* **GIVEN DATA**
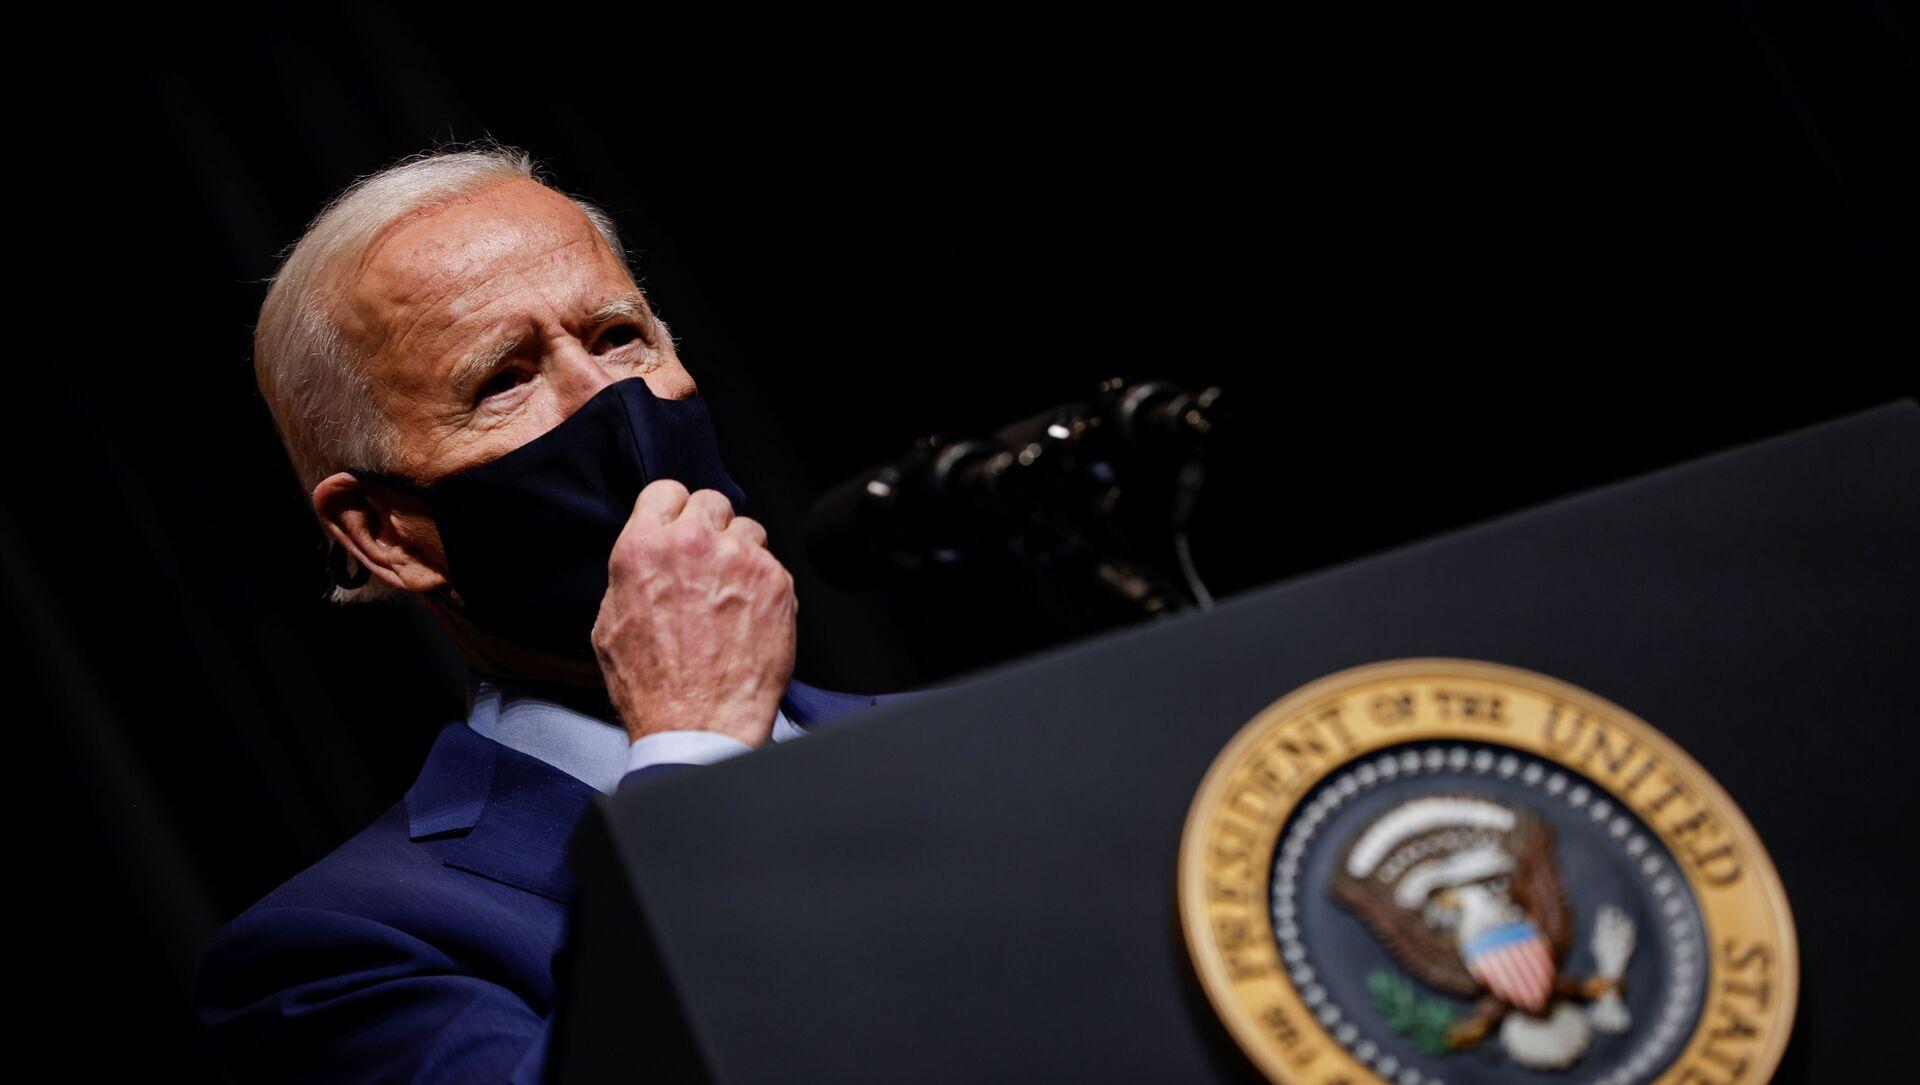 U.S. President Joe Biden removes his mask to address NIH staff during a visit to NIH in Bethesda, Maryland, U.S., February 11, 2021.  - Sputnik International, 1920, 20.02.2021
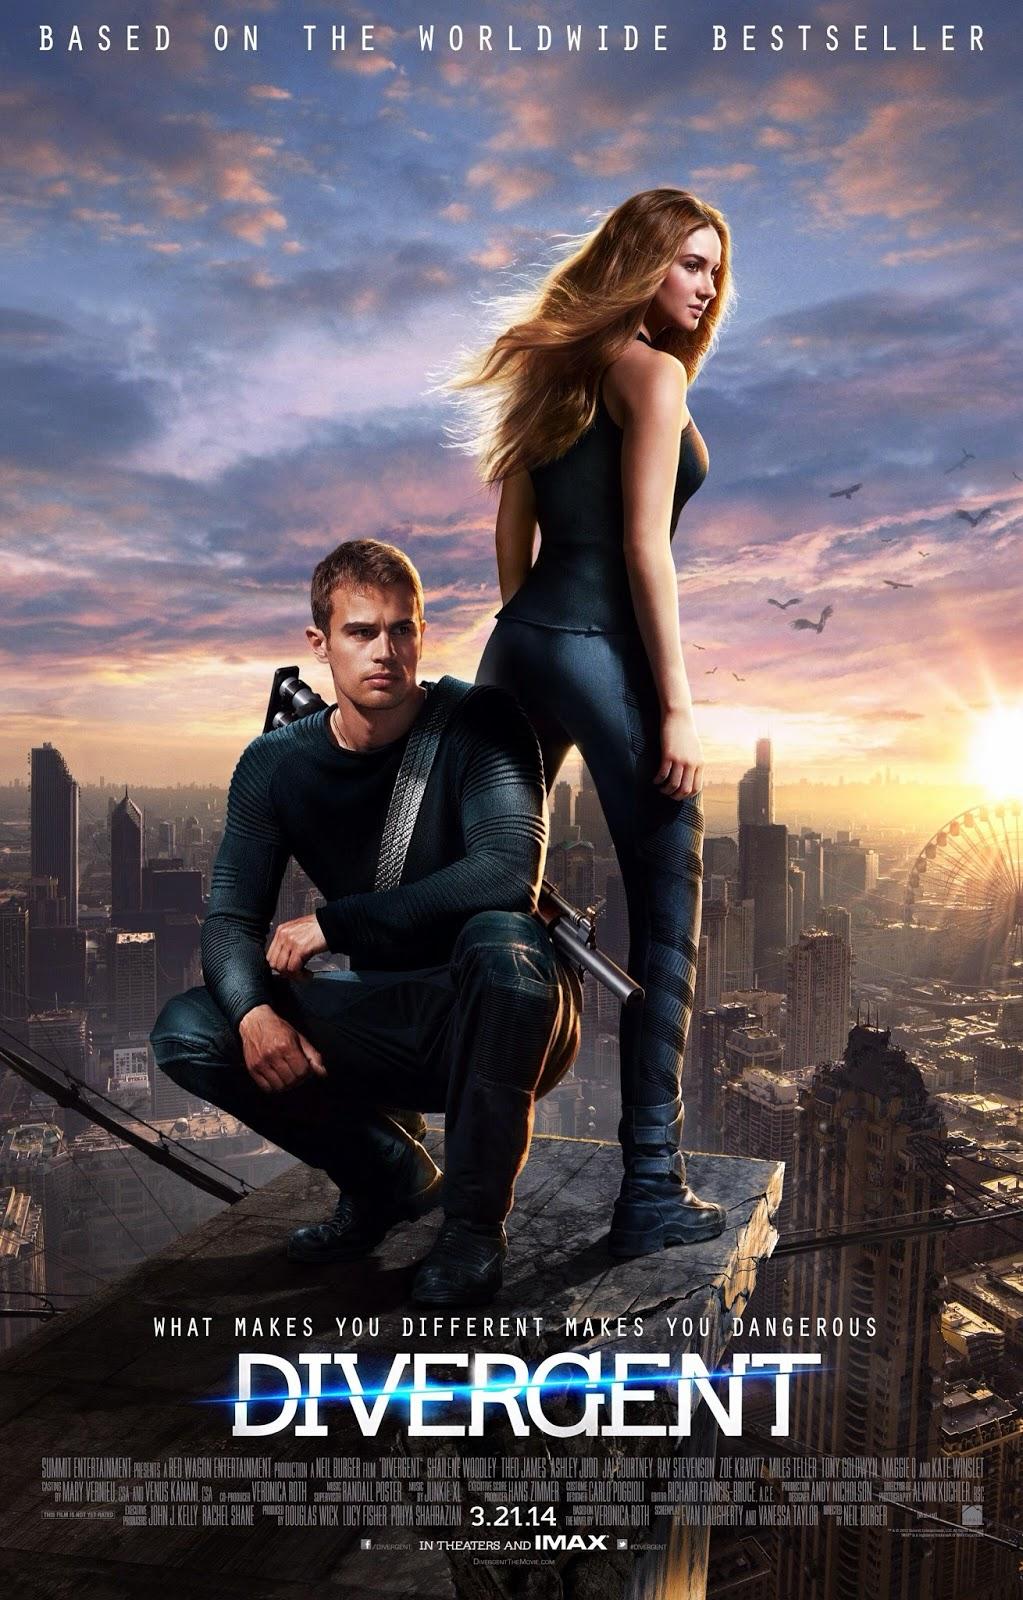 Divergent (2014) 350MB BRRip 480P English ESubs
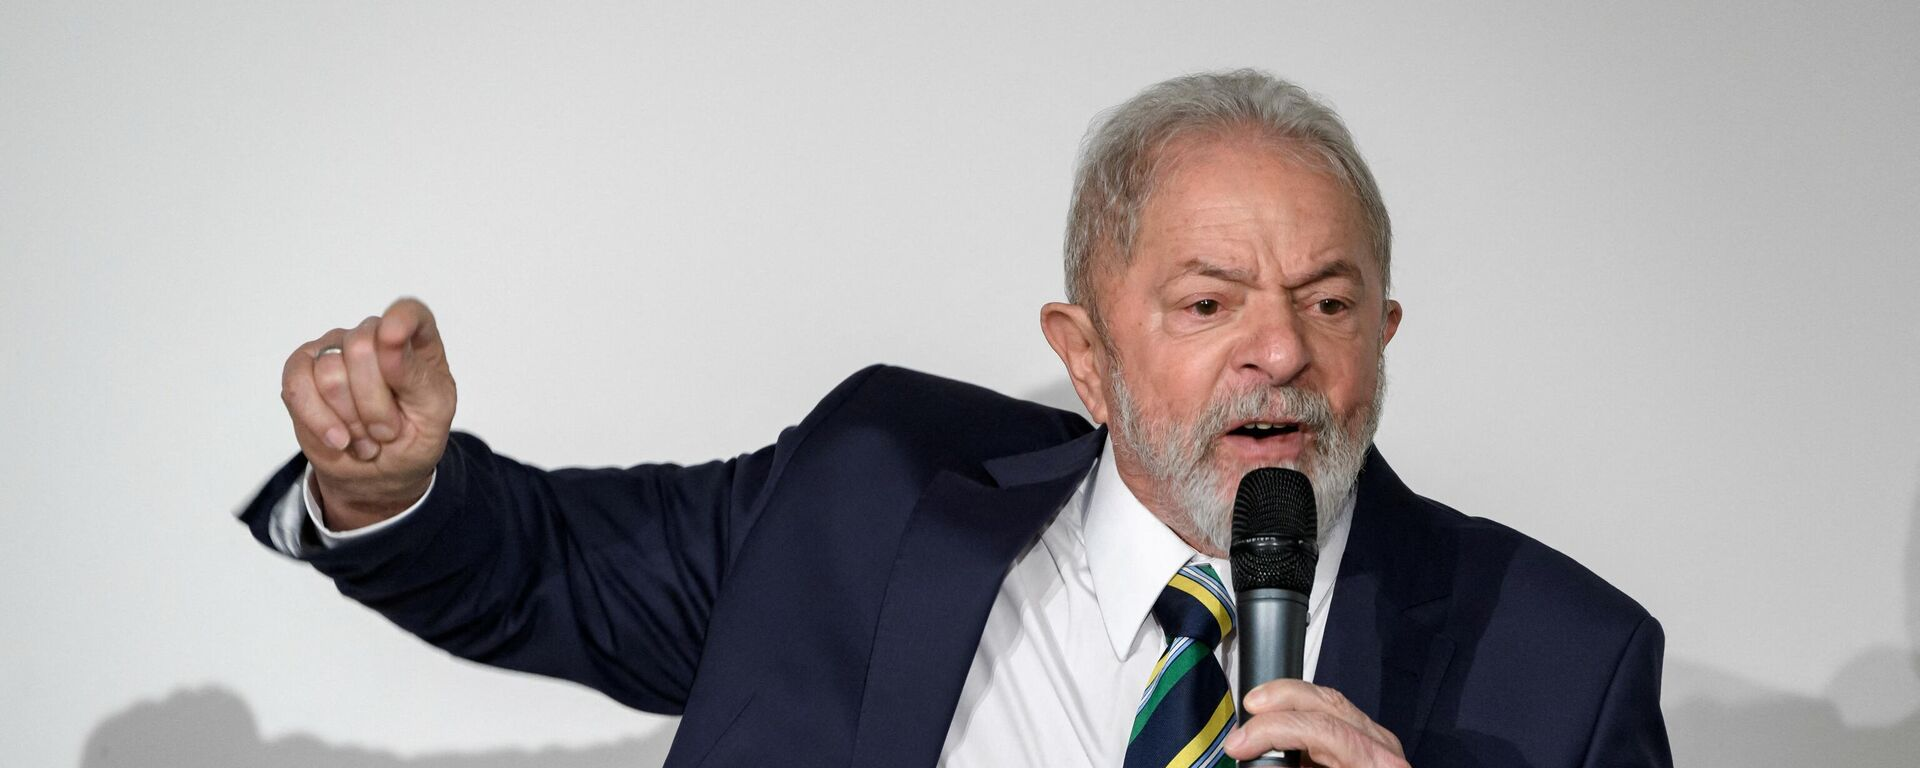 Luiz Inácio Lula da Silva , expresidente de Brasil - Sputnik Mundo, 1920, 20.07.2021
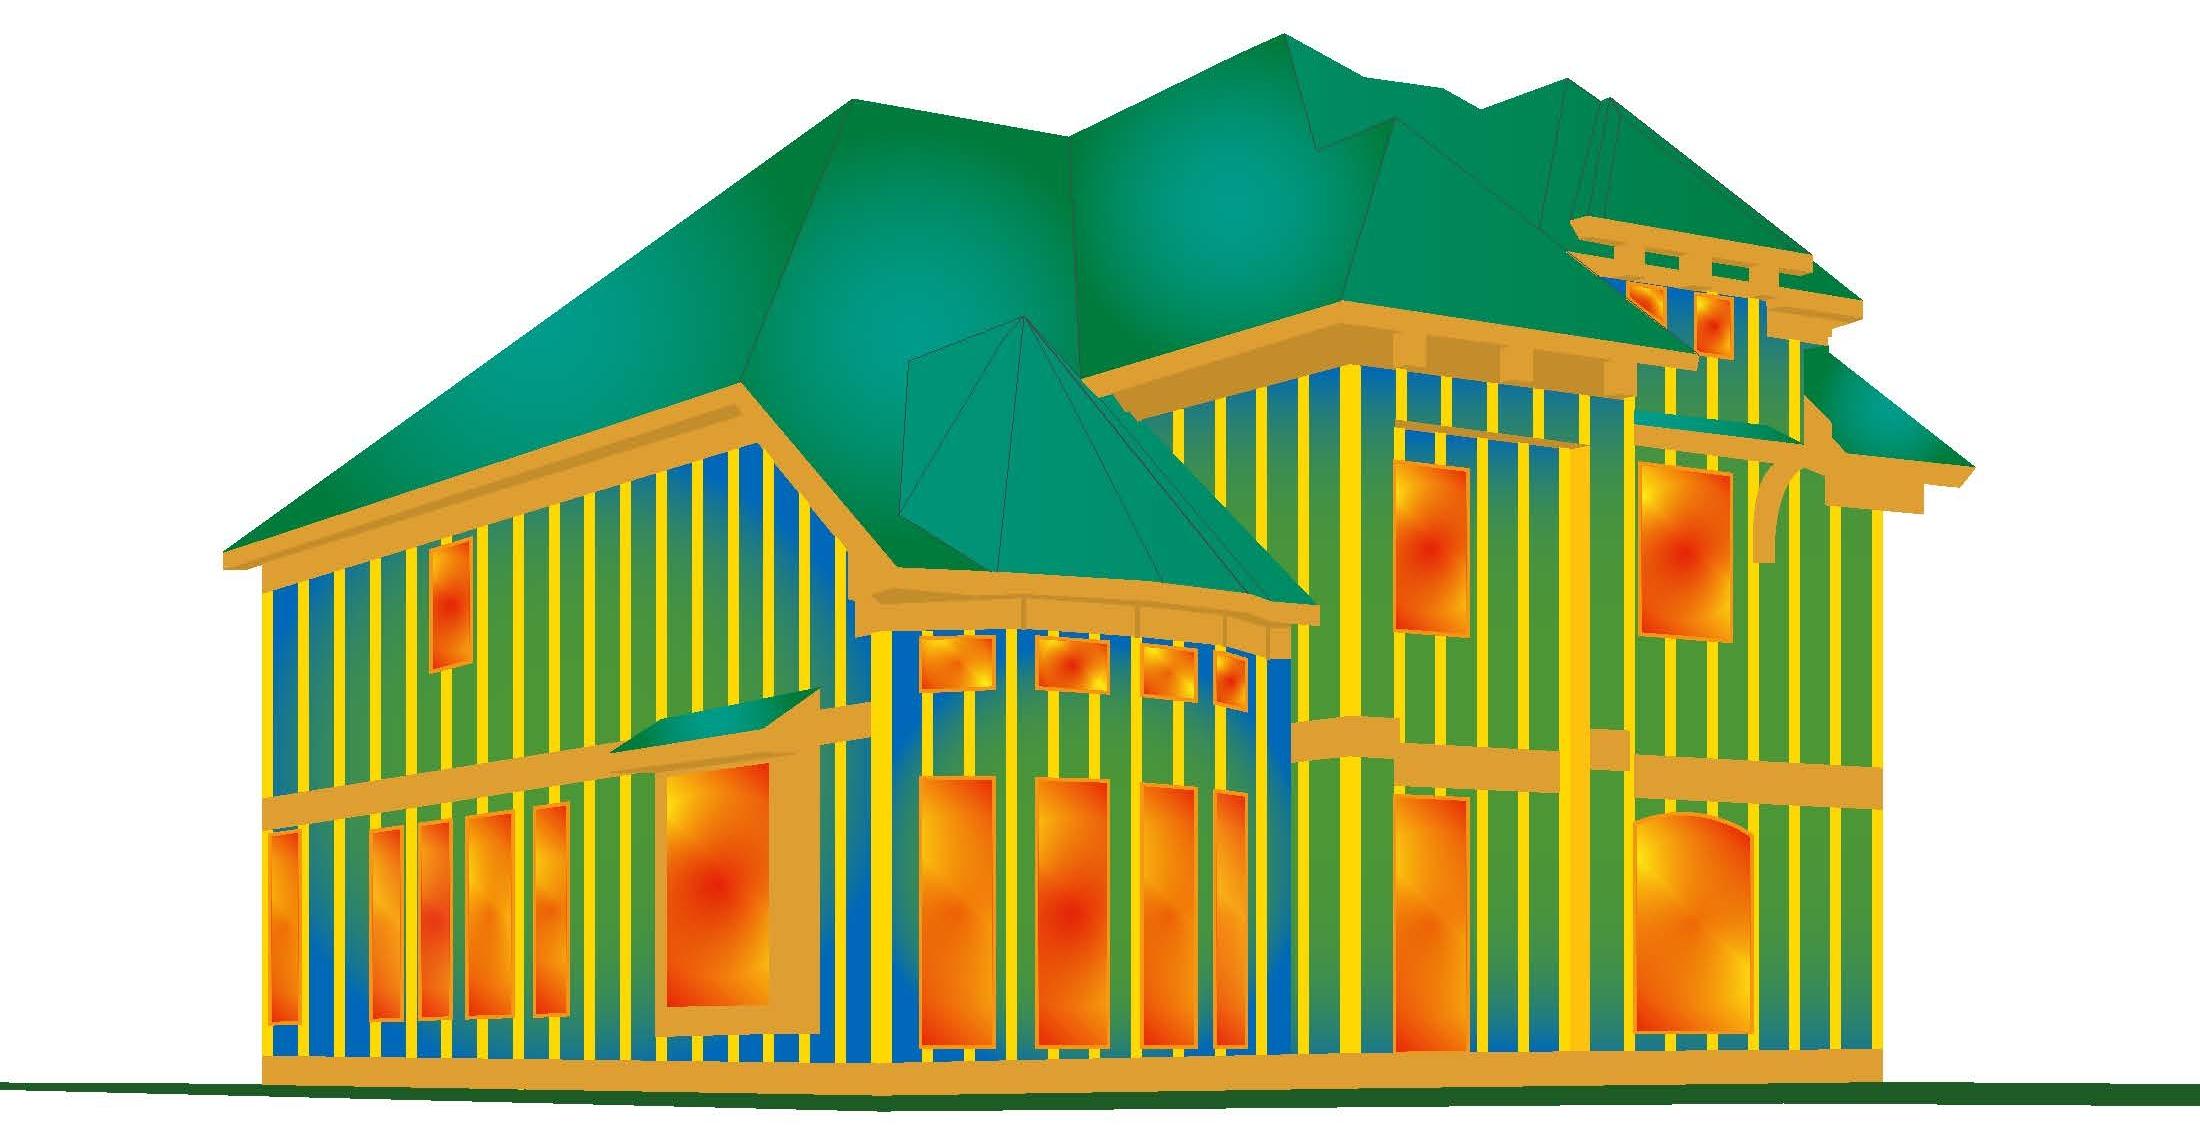 House-Infrared-Standard-NoGarage-Before CI.jpg

* **EXERCISE DESCRIPTION**
When copying the material, leave every image behind and keep each line verbatim.

* **TASK RESPONSE**
 U.S. President Joe Biden removes his mask to address NIH staff during a visit to NIH in Bethesda, Maryland, U.S., February 11, 2021.  - Sputnik International, 1920, 20.02.2021
 Divergent (2014) 350MB BRRip 480P English ESubs
 Luiz Inácio Lula da Silva , expresidente de Brasil - Sputnik Mundo, 1920, 20.07.2021
 House-Infrared-Standard-NoGarage-Before CI.jpg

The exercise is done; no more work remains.